Many homeowners do not fully understand how much equity they have in their homes, making them reluctant to consider purchasing another home, according to Fannie Mae’s recent National Housing Survey (NHS).

According to the NHS, many borrowers have a “negative perception gap” or “appreciation gap” that is suppressing housing and mortgage market activity.

These borrowers are also likely to underestimate how large a down payment they can make with their home equity, their chances of qualifying for mortgages, and their opportunities for selling their current homes and buying different ones, according to the survey.

Despite home values rising about 20 percent between 2011 and 2014, as many as 15.2 million homeowners may fall into that category, the NHS concluded.

“The housing market recovery over the past few years has been even more halting than the economic recovery,” said Steve Deggendorf, director of Fannie Mae’s Economic & Strategic Research Group, in a commentary about the survey.

“Consumers’ low expectations for home price changes may well reflect perceptions that recent actual house price changes were low.
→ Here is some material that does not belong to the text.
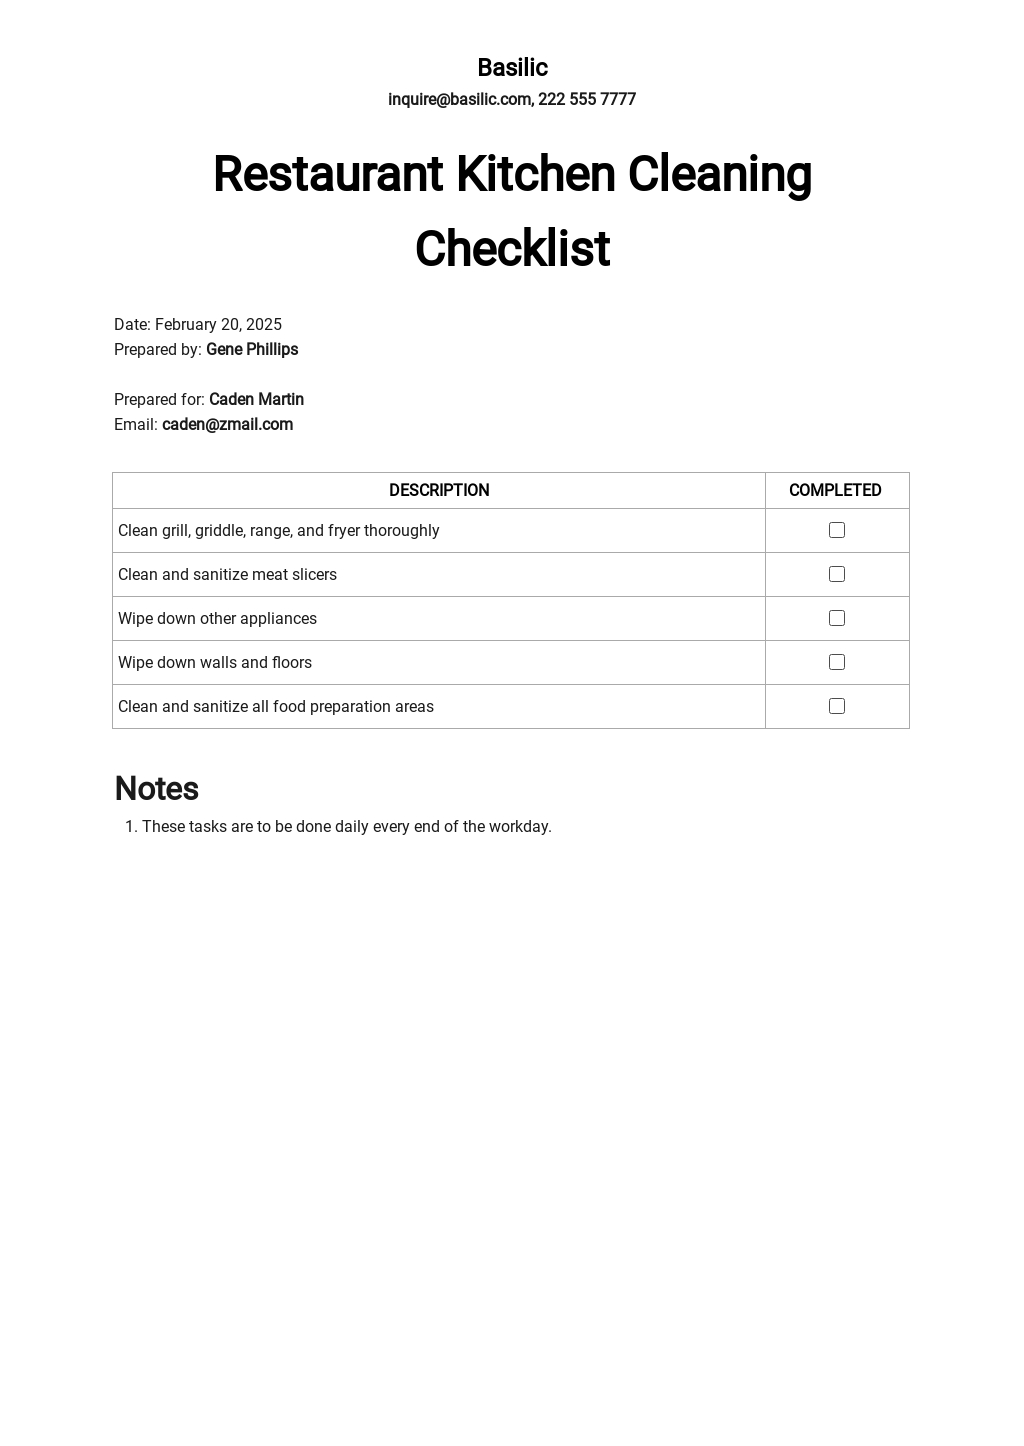 Restaurant Kitchen Cleaning Checklist Template.jpe

If so, consumers’ perceptions of recent actual home price changes were considerably lower than actual house price changes during 2012 and 2014.”

The survey points to CoreLogic data showing that at the end of last year, 37 percent of homeowners perceived that they had more than 20 percent home equity, but CoreLogic estimated that 69 percent actually had significant equity.
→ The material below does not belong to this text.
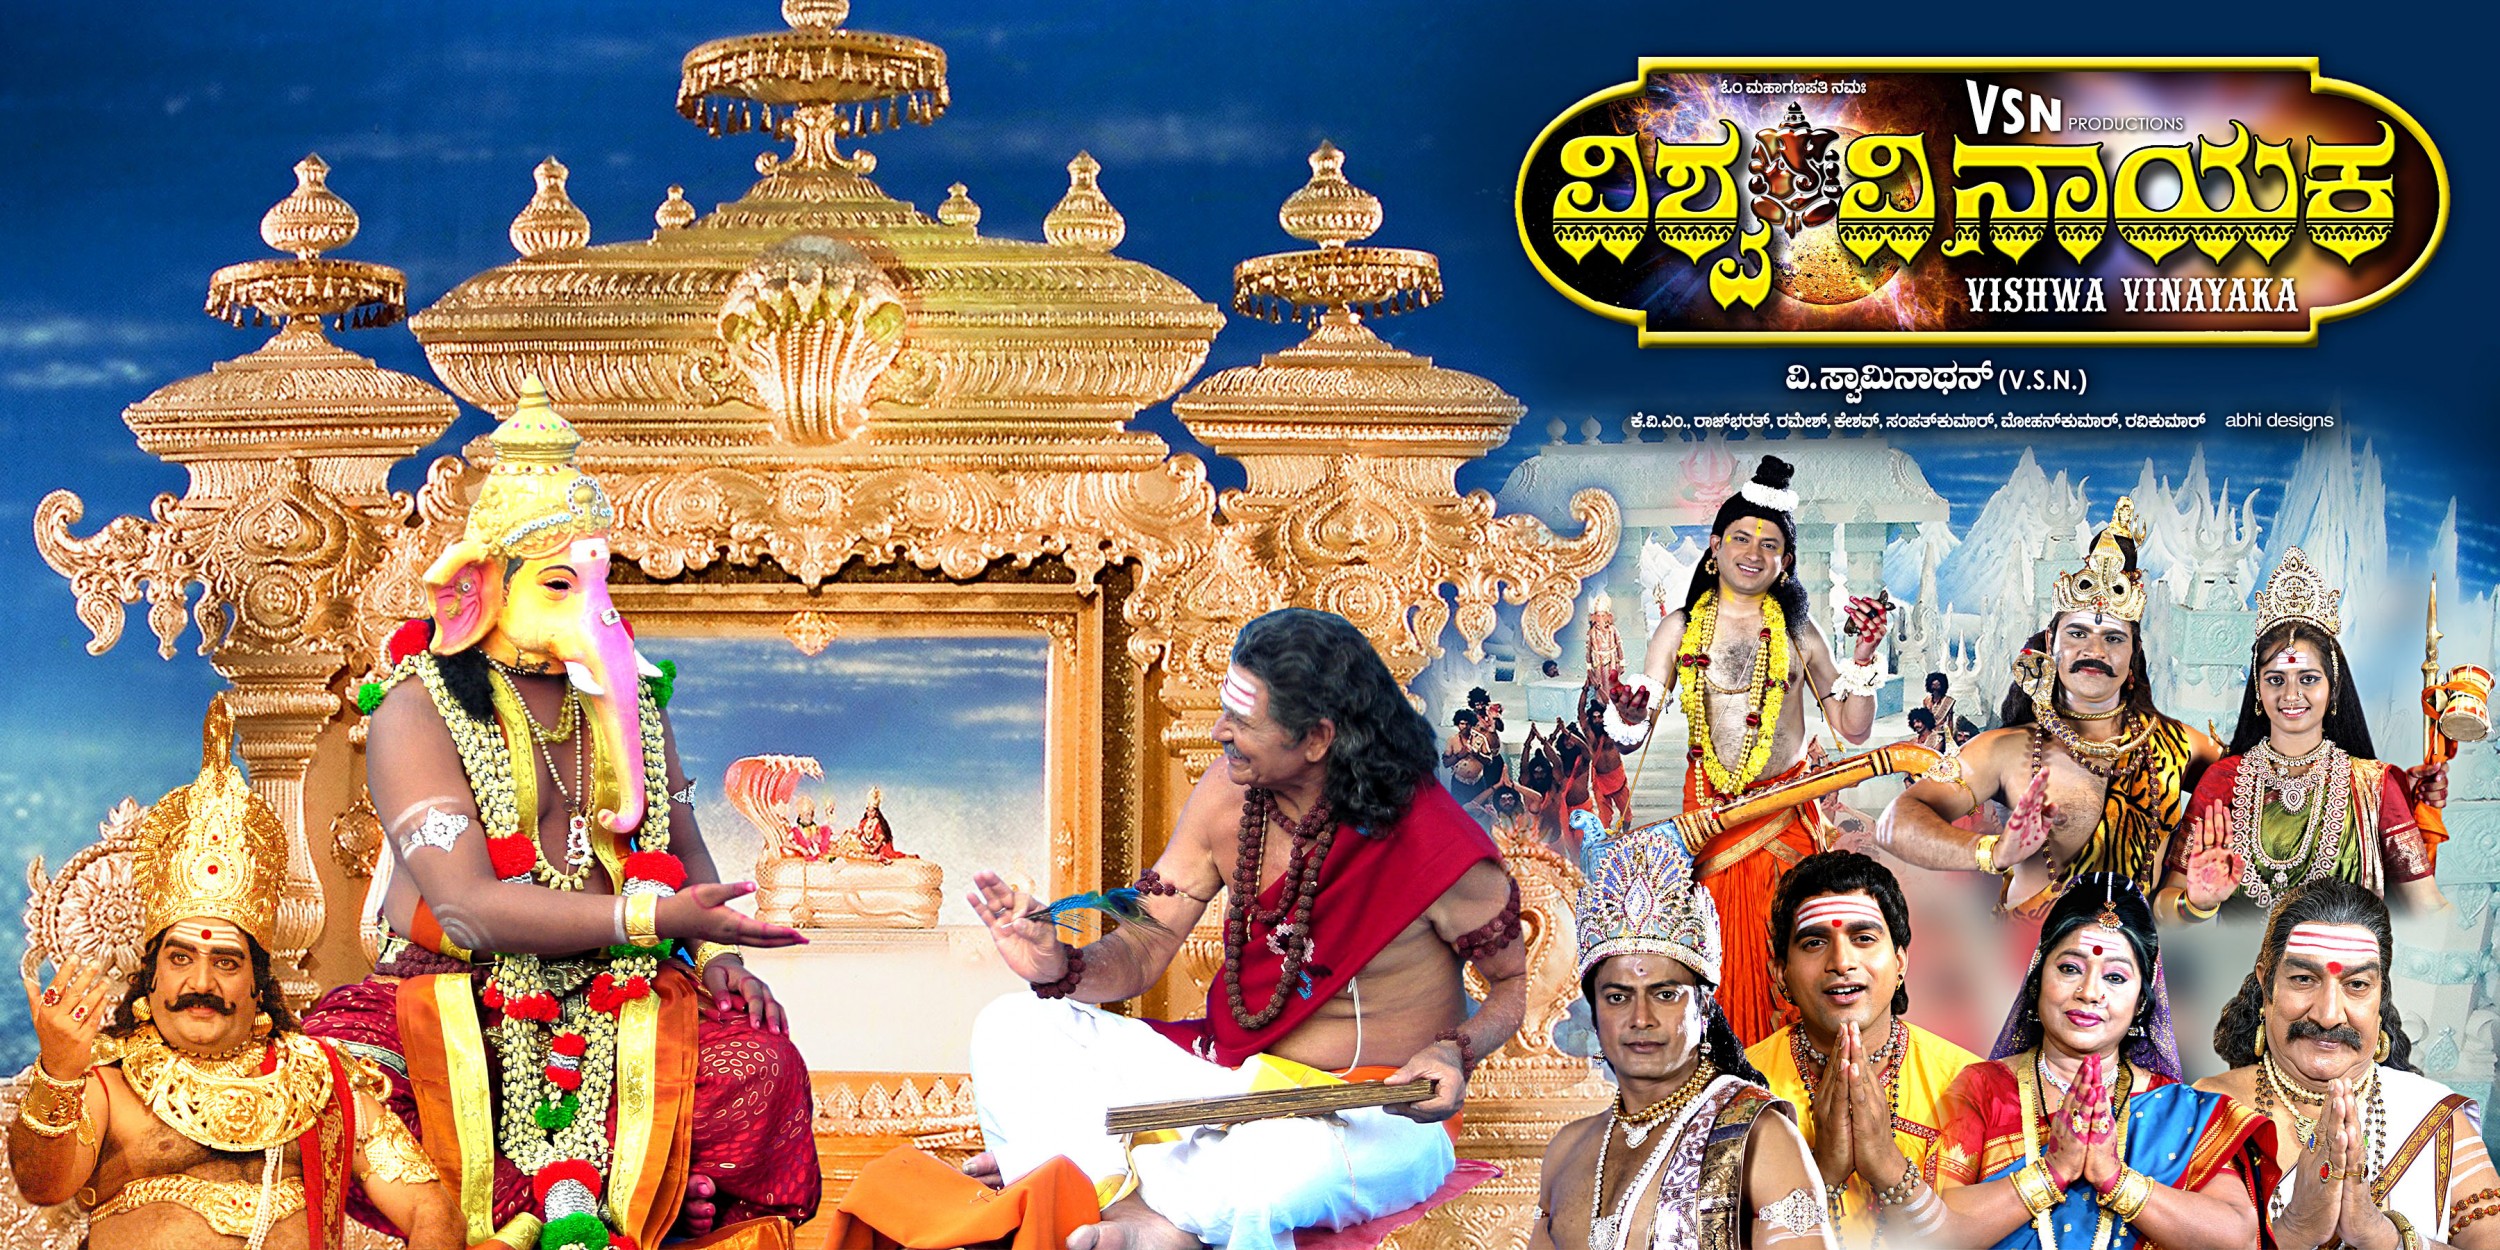 Mega Sized Movie Poster Image for Vishwa Vinayaka (#4 of 7)

However, the appreciation gap presents an opportunity to remove a barrier to continued recovery in the housing and mortgage markets, Deggendorf said.
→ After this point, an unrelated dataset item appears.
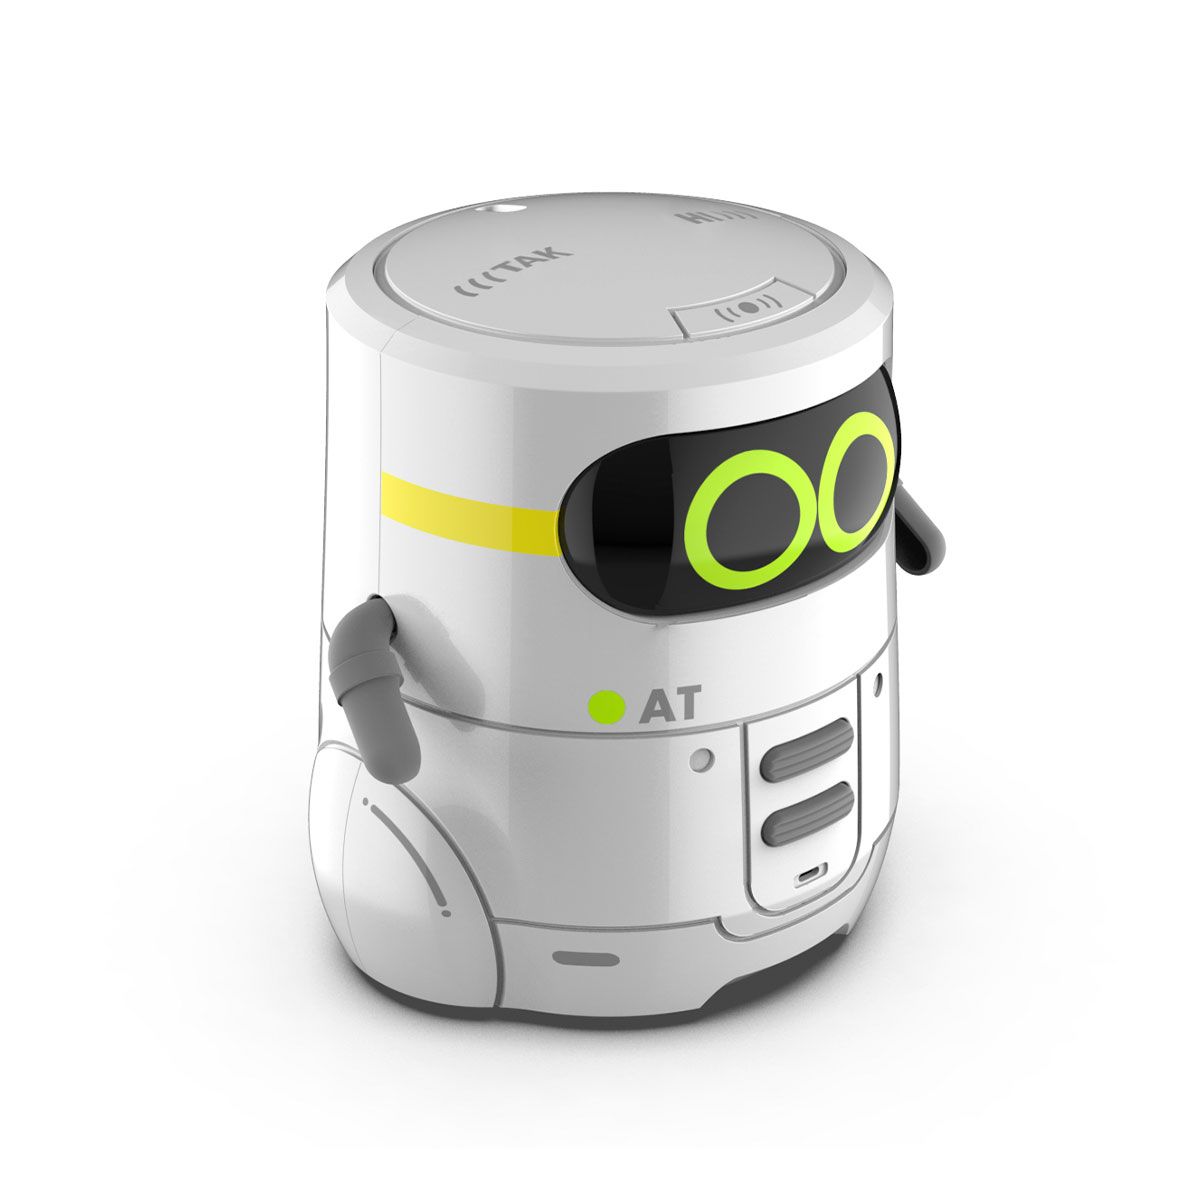 Розумний робот (з сенсорним керуванням та навчальними картками), укр

“Either the private sector or the public sector could provide information and tools to shrink the appreciation gap,” he suggested.

“Providing homeowners with information and with tools so they can better estimate their home equity may help shrink the gap. Delivering easy, affordable access to better estimates of home values (and perhaps of total debts, too) could afford many benefits. Better equity estimates may promote better choices of houses, mortgages, neighborhoods, jobs, spending and saving and lifestyles.”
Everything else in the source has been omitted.